Key areas for consideration focus on upskilling the workforce, learning and development and building confidence in the benefits of using technology in health, care, housing and support services.
A greater understanding of technologies, what they mean for the delivery of health and care services and how they can be used to support self-management, health, care and wellbeing, is required. Additionally, there are clear needs to promote a culture of appreciation and build professional confidence towards Scotland’s digital agenda. All of this highlights the need for change and, particularly, the immediate need to instil a ‘culture of readiness’ towards ‘new ways of working’.
The key recommendation is in developing and upskilling the workforce and building confidence in the benefits towards using technology in health, housing, care and support services. Other aspects include leadership and management and a consideration of finance and resources.
National awareness raising programme and promotion of digital technologies for health and care. This should demonstrate the benefits and advantages for the workforce and generate increased knowledge and understanding of using such technologies in everyday work.
Develop a national online learning resource to cover all aspects of digital technologies for health and care.
Implement a national online learning resource and ‘face to face’ (live) learning networks for ongoing support, learning and development.
Consider a national stepped learning framework such as informed, skilled, enhanced and expert.
Support a national shift to ‘new ways of working’ and promote a ‘culture of readiness’ for a mainstreamed future digital health and care service.
Support a national drive to alleviate concerns around the use of digital technology in health and care services.
Develop NATIONAL strategies and measurable objectives for the deployment and mainstreaming of digital solutions for health and care services.
Consider further developing organisational partnerships and work with a range of stakeholders to drive forward a national approach to digital health and care.
Support a ‘digital by default’ ethos and the mainstreaming of digital technologies for health and care.
Encourage and promote the necessary deployment of a digital infrastructure and IT investment to support Scotland’s ambitions for digital transformation of health and care services.
In conclusion, the results presented here suggest that further work is required to drive forward the ambitious digital vision for health and social care services in Scotland.

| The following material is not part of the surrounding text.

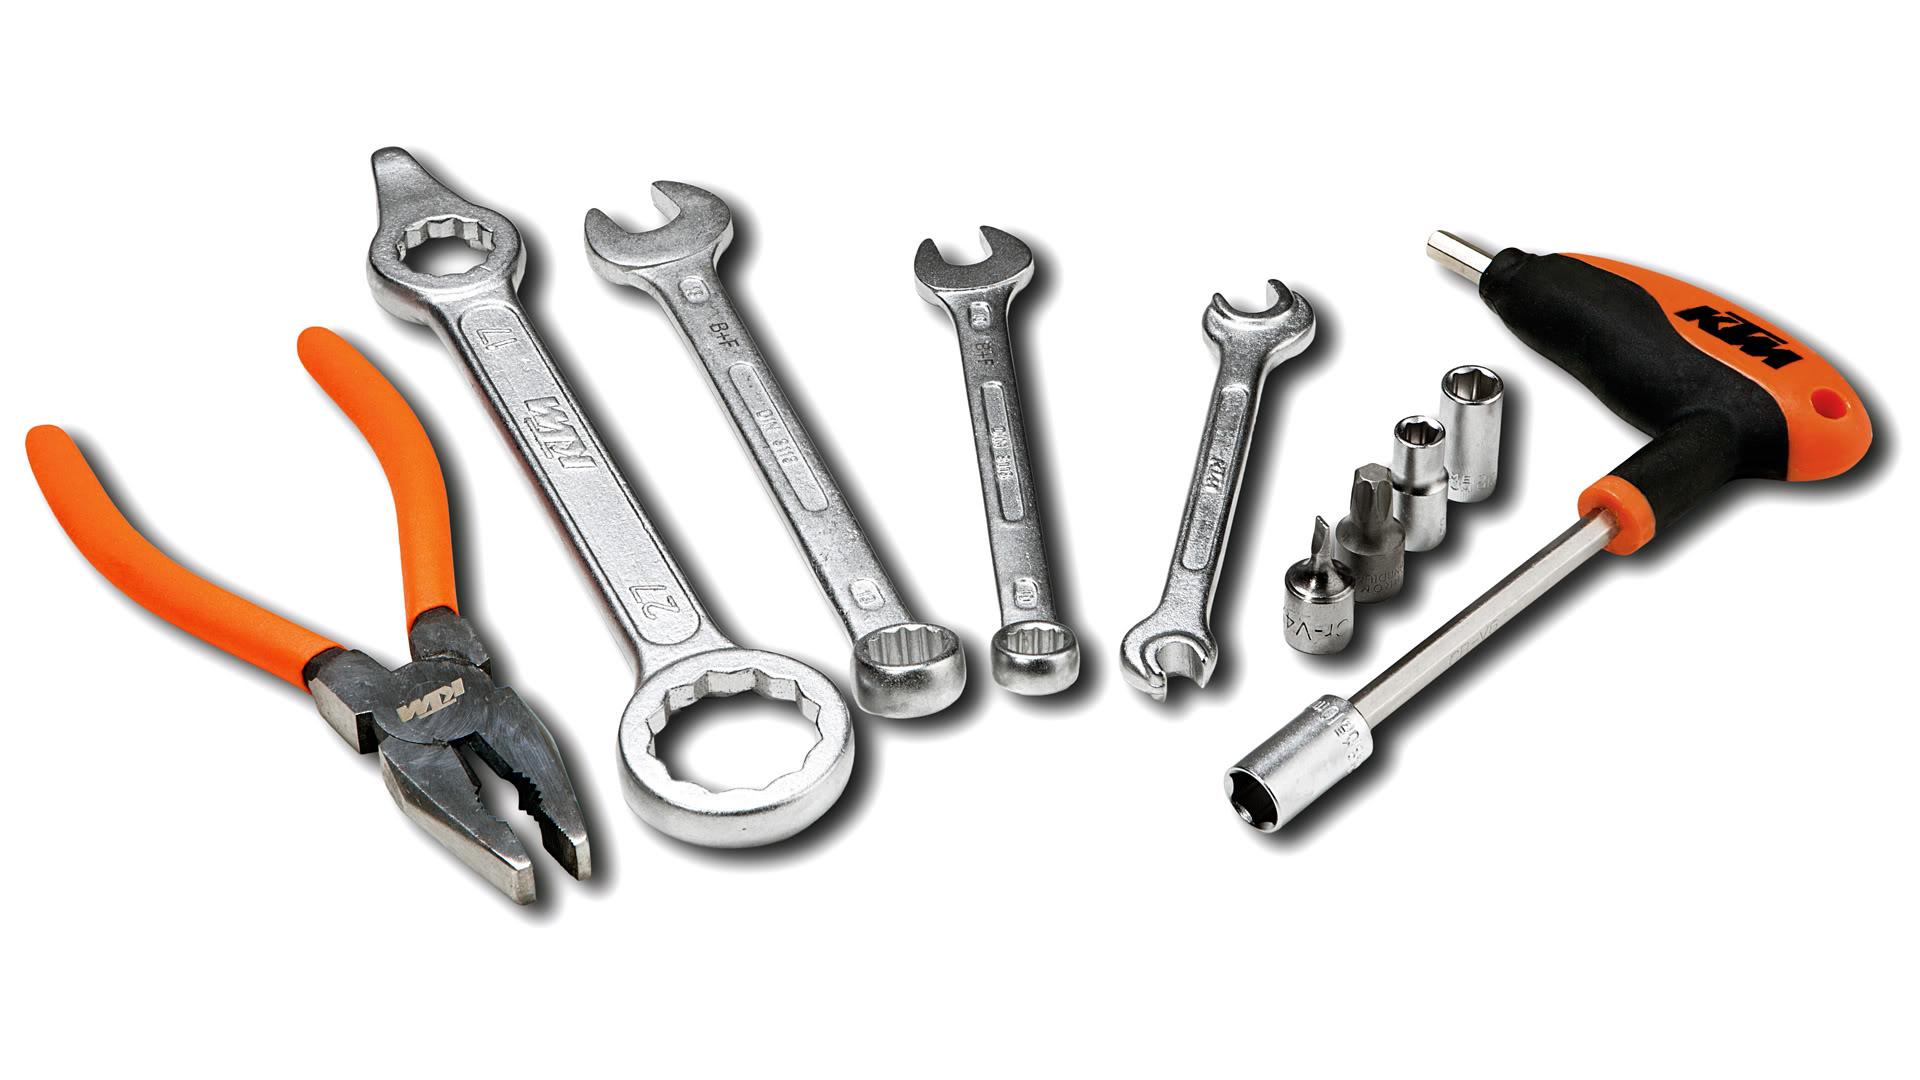 tool - photo #17

However, the mere provision of cutting edge technologies alone will not drive transformative change. The workforce is at the very heart of delivering high quality care, building workforce skills and confidence and changing workforce perceptions (at the outset) are required to maximise effective and at-scale use of technology.
This in turn could empower the people of Scotland to harness the power of digital technologies and further embed preventative measures to health, wellbeing and care.